[Note 1: Discours et histoires des spectres, visions, etc. p. 244.]
"L'exemple de Nicole Aubry, demoniaque de Laon est plus que suffisant pour montrer ce que je dis, ajoute Le Loyer[1]. Car devant que le diable entrast en son corps, il se presenta a elle en la forme de son pere decede subitement, luy enjoignit de faire dire quelques messes pour son ame, et de porter des chandelles en voyage. Il la suivoit partout ou elle alloit sans l'abandonner. Cette femme simple obeit au diable en ce qu'il lui commandoit, et lors il leve le masque, se montre a elle, non plus comme son pere, mais comme un phantosme hideux et laid, qui luy persuadoit tantost de se tuer, tantost de se donner a luy.—Cela se pouvoit attendre par les reponses que la demoniaque faisoit au diable, luy resistant en ce qu'elle pouvoit.—Je me veux servir de l'histoire de la demoniaque de Laon attestee par actes solennels de personnes publiques, tout autant que si elle estoit plus ancienne. Il y a des histoires plus anciennes qu'elle n'est, ou a peine on pourroit remarquer ce qui s'est veu en ceste femme demoniaque. Ce fut pour nostre instruction que la femme fut ainsi tourmentee au coeur de la France, mais notre libertinisme fut cause que nous ne les peusmes apprendre."
[Note 1: Discours et histoires des spectres, visions, etc., p. 320.]
Bodin[1] fait connaitre une histoire analogue:
[Note 1: Demonomanie, livre III, ch. VI.]
"Pierre Mamor recite, dit-il, qu'a Confolant sur Vienne, apparut en la maison d'un nomme Capland un malin esprit se disant estre l'ame d'une femme trespassee, lequel gemissoit et crioit en se complaignant bien fort, admonestant qu'on fist plusieurs prieres et voyages, et revela beaucoup de choses veritables.
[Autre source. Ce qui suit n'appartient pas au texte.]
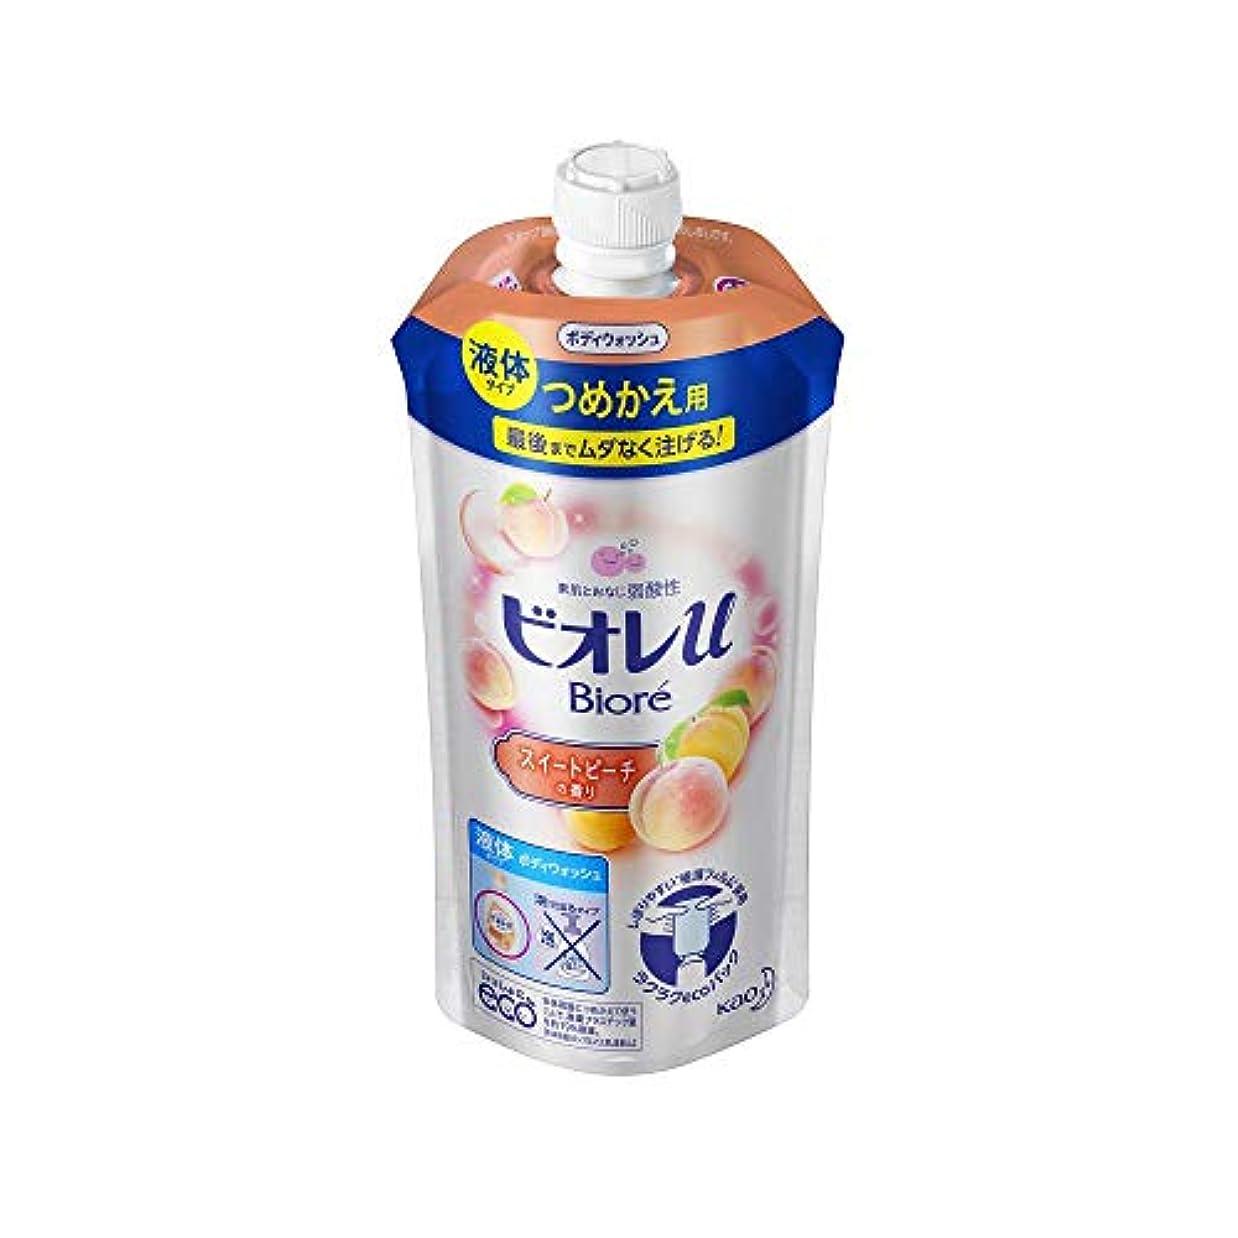 責任者艶分析的な花王 ビオレu スイートピーチの香りつめかえ用 340ML

Mais quelqu'un lui ayant dit: Si tu veux qu'on te croye dis Miserere mei Deus, secundum magnam misericordiam tuam. Sa reponse fut: Je ne puis. Alors les assisants se mocquerent de lui, qui s'enfuit en fremissant."
Le diable prend meme parfois la forme de personnes vivantes.
Voici par exemple ce que rapporte Loys Lavater[1]:
[Note 1: Trois livres des apparitions des esprits, fantasmes, prodiges, etc., composez par Loys Lavater, plus trois questions proposees et resolues par M. Pierre Martyr. Geneve, Fr. Perrin, 1571, in-12.]
"J'ai oui dire a un homme prudent et honnorable baillif d'une seigneurie dependante du Zurich, qui affirmoit qu'un jour d'este allant de grand matin se promener par les prez, accompagne de son serviteur, il vid un homme qu'il cognoissoit bien, se meslant meschamment avec une jument: de quoy merveilleusement estonne retourna soudainement, et vint frapper a la porte de celuy qu'ils pensoyent avoir veu, ou il trouva pour certain qu'il n'avoit bouge de son lict. Et si ce bailli, n'eust diligemment seu la verite, un bon et honneste personnage eust este emprisonne et gehenne. Je recite ceste histoire, afin que les juges soyent bien avisez en tels cas. Chunegonde, femme de l'empereur Henry second, fut soupeconnee d'adultere, et le bruit courut qu'elle s'accointoit trop familierement d'un gentilhomme de la cour. Car on avoit veu souvent la forme d'iceluy (mais c'estoit le diable qui avoit pris ce masque) sortant de la chambre de l'empereur. Elle monstra peu apres son innocence en marchant sur des grilles de fer toutes ardentes (comme la coutume estoit alors) et ne se fit aucun mal."